Online-Investments, speziell in der Kryptobranche, verunsichern unerfahrene Investoren häufig. Nicht jede Kryptofinanzdienstleistung, die im Internet angeboten wird, ist vertrauenswürdig. Abtun sollte man diese Form von Investitionen wegen solch schwarzen Schafen jedoch nicht, da seriöse Plattformen eine gute Möglichkeit bieten können, ohne große Hürden am Kryptomarkt einzusteigen. Voraussetzung ist allerdings vorab sicherzugehen, dass man es mit einem vertrauenswürdigen Unternehmen zu tun hat, um sein investiertes Vermögen zu schützen.

Worauf man als Konsument achten sollte, und worauf die Gründer von Coinpanion, dem digitalen Kryptomanager der Zukunft, bei der Entwicklung ihrer Plattform besonders Wert gelegt haben, erläutern sie für den brutkasten in einem Fachbeitrag.

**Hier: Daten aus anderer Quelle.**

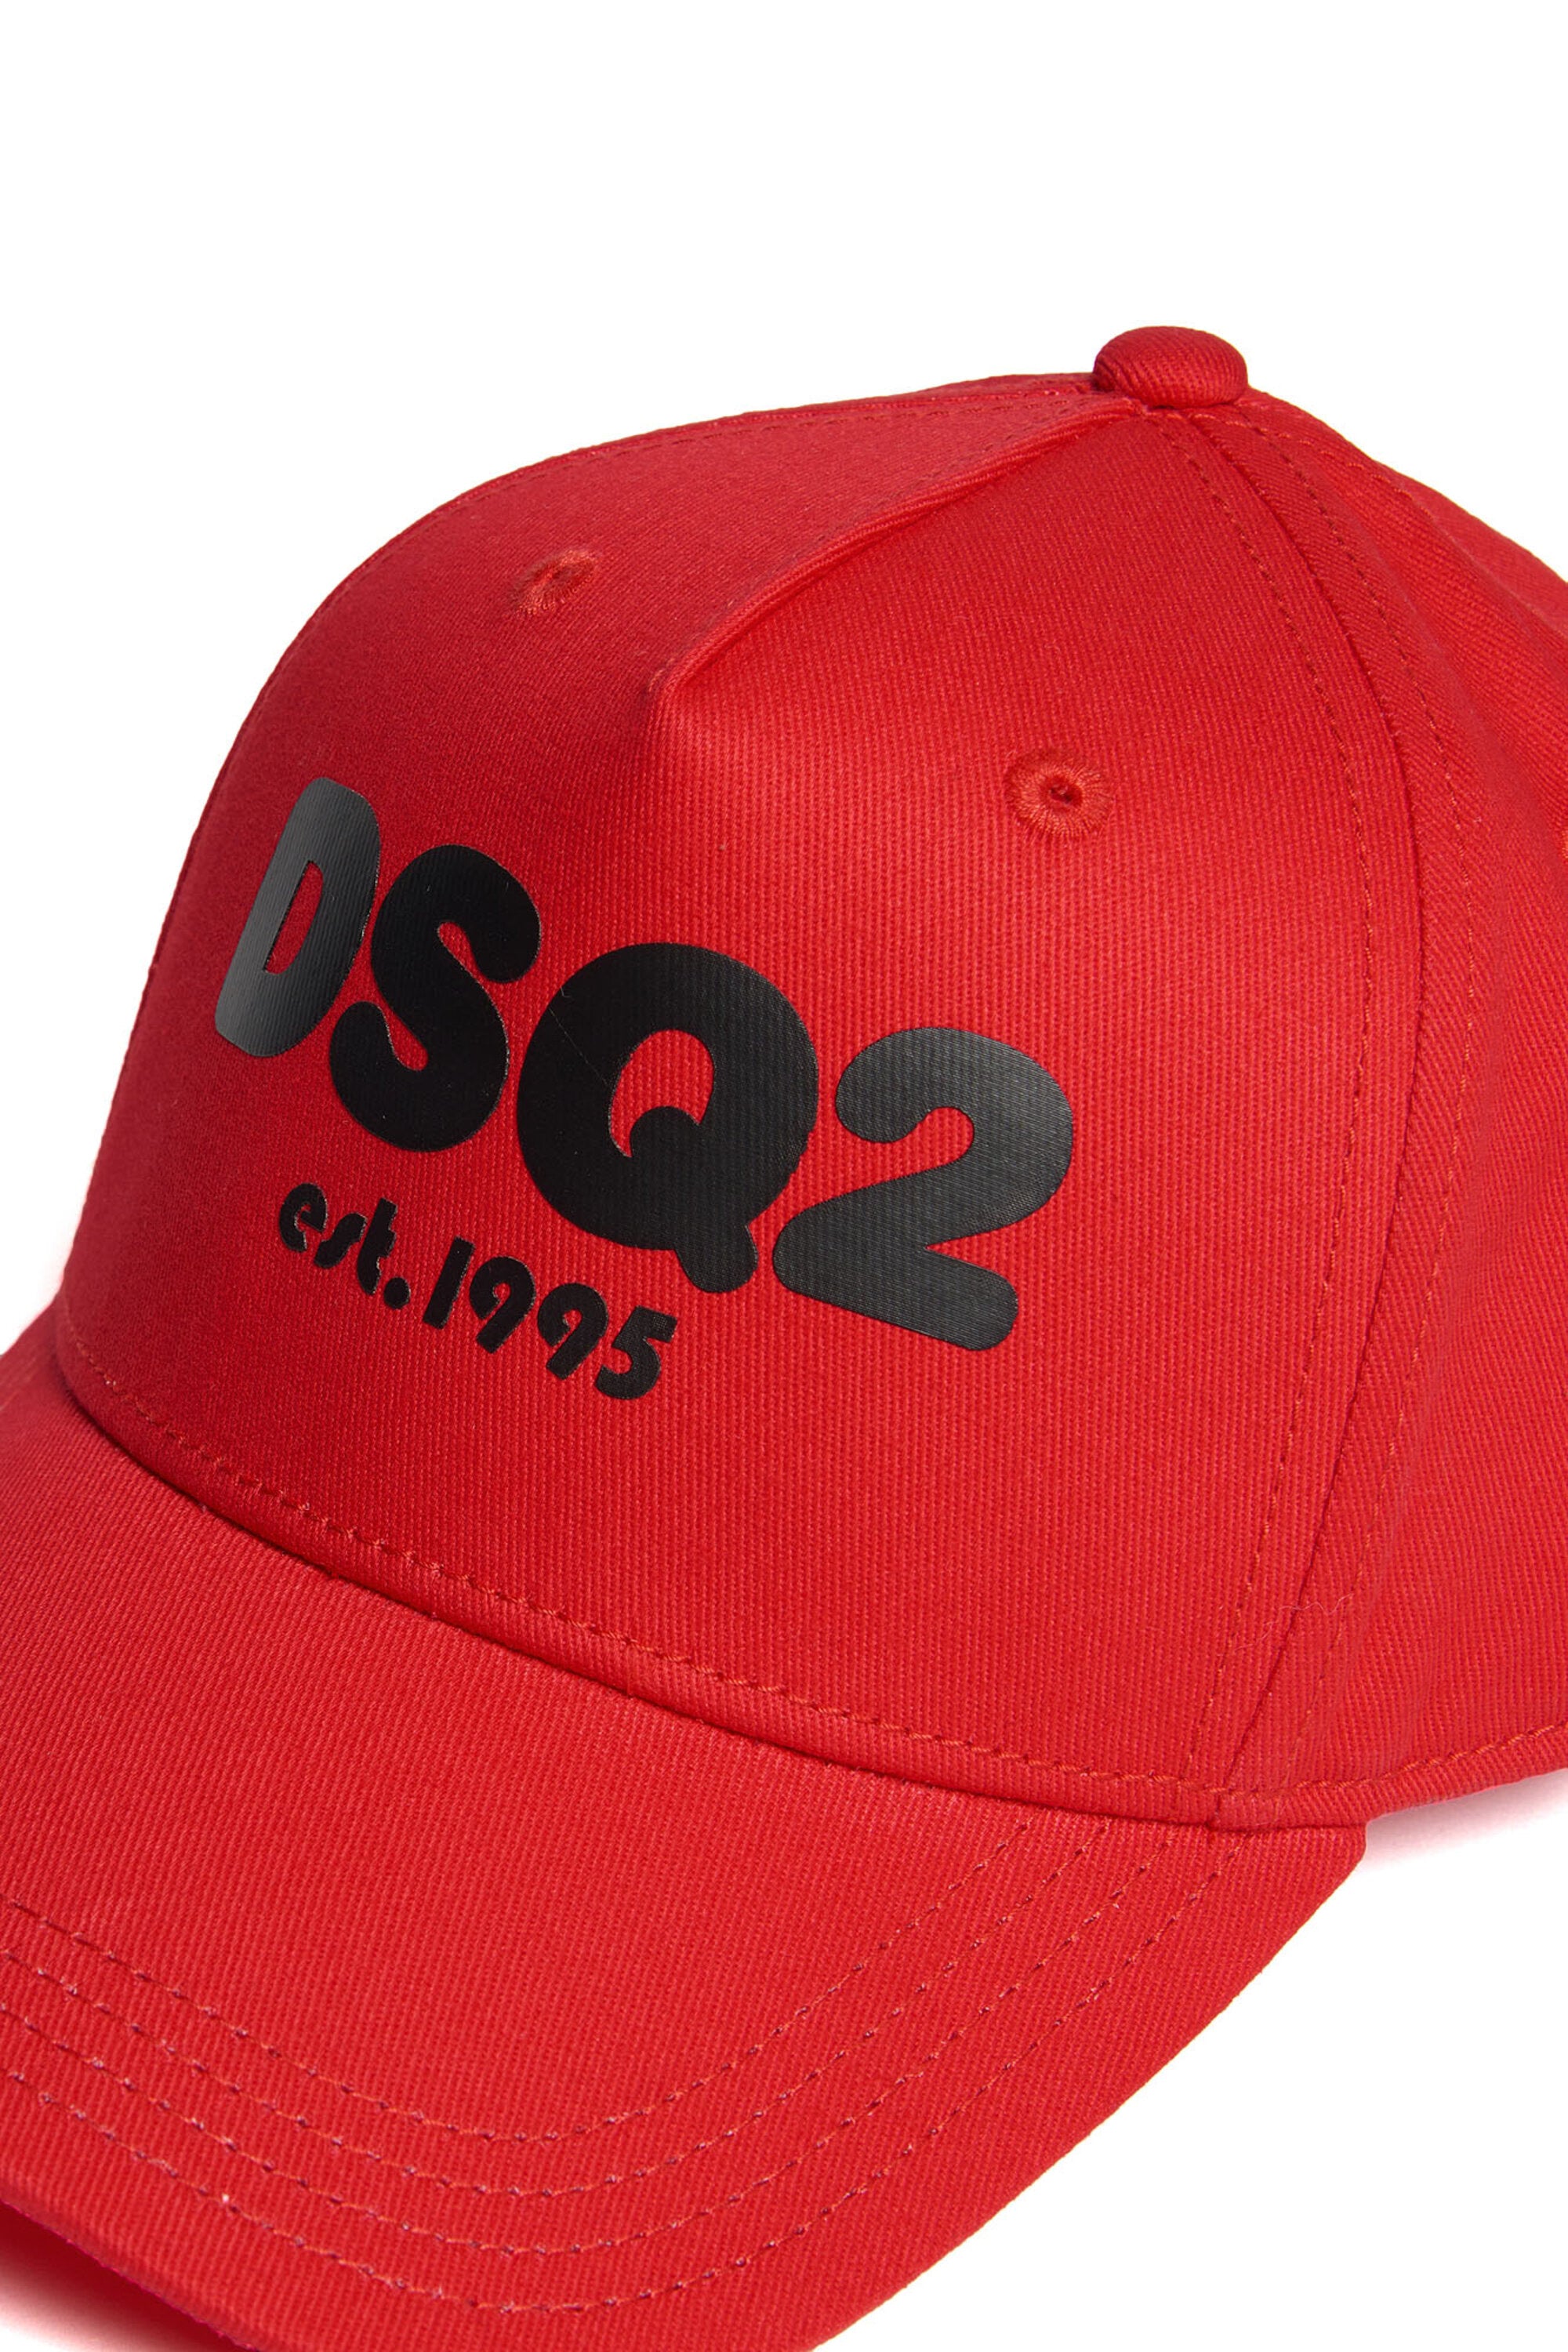 DSQ2 logo branded baseball cap est.1995

Vor Einzahlungen müssen Plattformen genau unter die Lupe genommen werden

Vor dem ersten Kryptoinvestment, sollte man sich genau damit beschäftigen, welcher Plattform man sein Geld anvertraut. Oftmals macht es Sinn, sich Rat von erfahrenen Investoren einzuholen und nach Onlinebewertungen zu suchen. Viele Konsumenten machen sich außerdem über das Erscheinungsbild der Website einen ersten Eindruck über die Seriosität eines Services. Rein davon darf man sich allerdings nicht täuschen lassen. Auch unseriöse Akteure können eine professionelle Homepage aufsetzen lassen. Gibt es jedoch offensichtlich schlecht bearbeitete Bilder oder ungewöhnlich viele Grammatikfehler, sollten die Alarmglocken zu läuten beginnen.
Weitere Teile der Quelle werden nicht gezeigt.